What's misplaced about it? The protagonist finds himself broken and vulnerable in an otherwise mundane situation and what he discovers about himself haunts him from thereafter. What's more mundane than an ATM?

Anyway, it's good that the "heavy lyrics" are paired with concrete realities such as ATMs and subways so that the listener can mentally form an image of some kind about the storyline. Otherwise it would come across as a rant about various abstract concepts, set to music.

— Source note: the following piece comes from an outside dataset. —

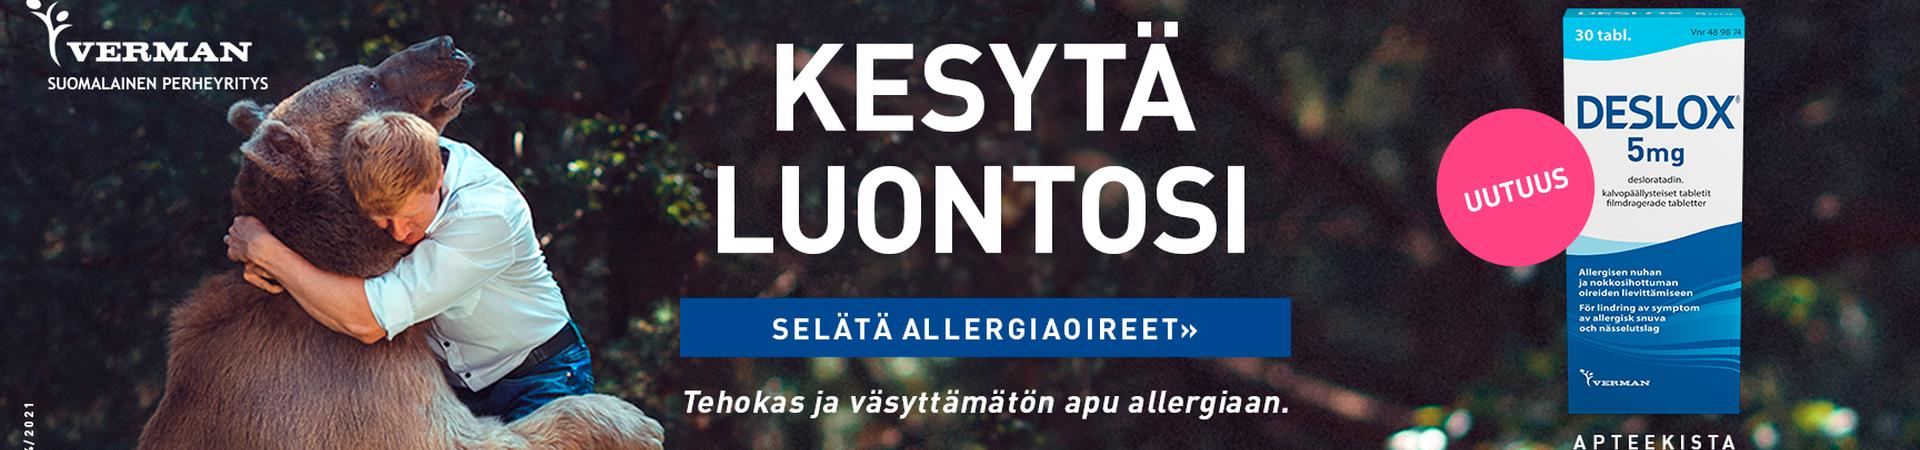 deslox allergialääke

Exactly. I see using the ATM as a symbol, and culmination, of those routine, mundane aspects of life that have lost their value for the speaker, who doesn't even recognize the person carrying them out anymore. I also think that the ATM was chosen specifically to the extent it represents material values...i.e. cash, which have also become meaningless to the speaker.
 
How does the phrase "ATM machine" fit with the themes of the song? It's just a phrase, a plot device if you will, for the protagonist to see his worn-out, fucked up reflection. Somehow I think the ATM machine could have been avoided and the song wouldn't be thematically any poorer. It just seems silly in context. You have crosses, wires, horses... and then you have an ATM? It's always a WTF moment when I listen to the song.

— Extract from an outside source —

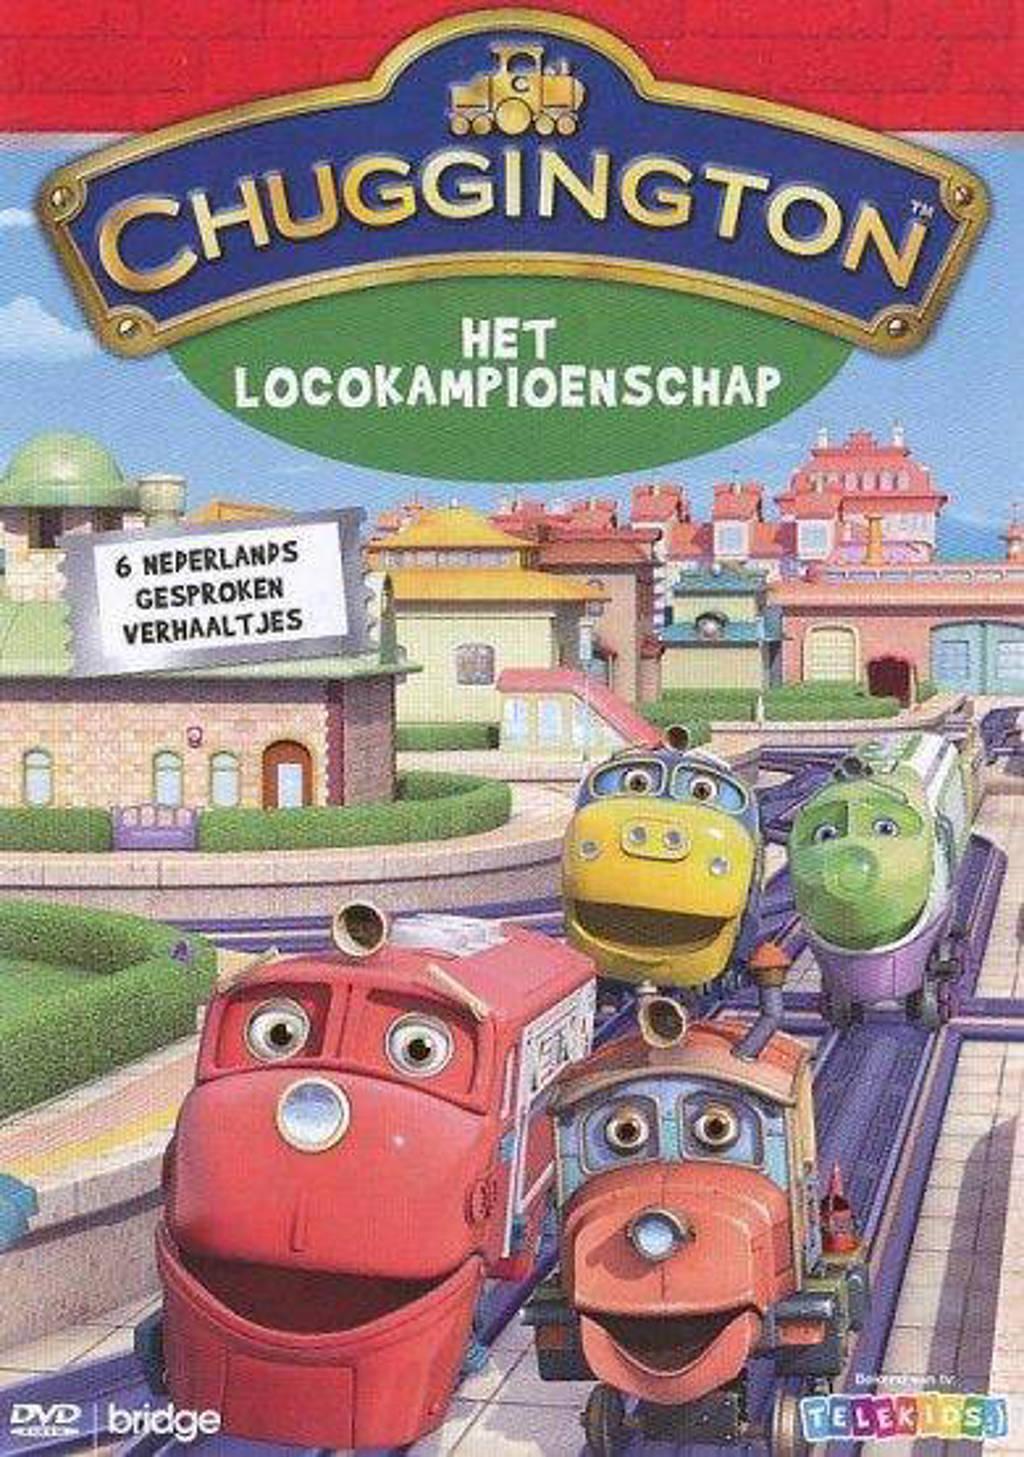 Chuggington - Locokampioenschap (DVD)

What would you have chosen instead? I guess you could set the song entirely within the subway, maybe he could catch his reflection in the window. Either way, the reflection is an integral part of the song. The ATM scene is just one really mundane, relatable scenario that Bono chose and I understand why he did.
 
Point is - I'm thinking that the man who wrote Running to Stand Still could have thought of a better contemporary symbol instead of an awkward acronym.
 
As alluded to earlier - the poetry of the ATM is that it is an everyday, mundane part of modern life. It's a place where someone could catch a glimpse of their own reflection, and then themselves reflect on their own existence. The beauty here is the ATM symbolizes modernity, futility, the mundane. That it could be used as a poetic device for introspection is quite nice for me.
 
Point is - I'm thinking that the man who wrote Running to Stand Still could have thought of a better contemporary symbol instead of an awkward acronym.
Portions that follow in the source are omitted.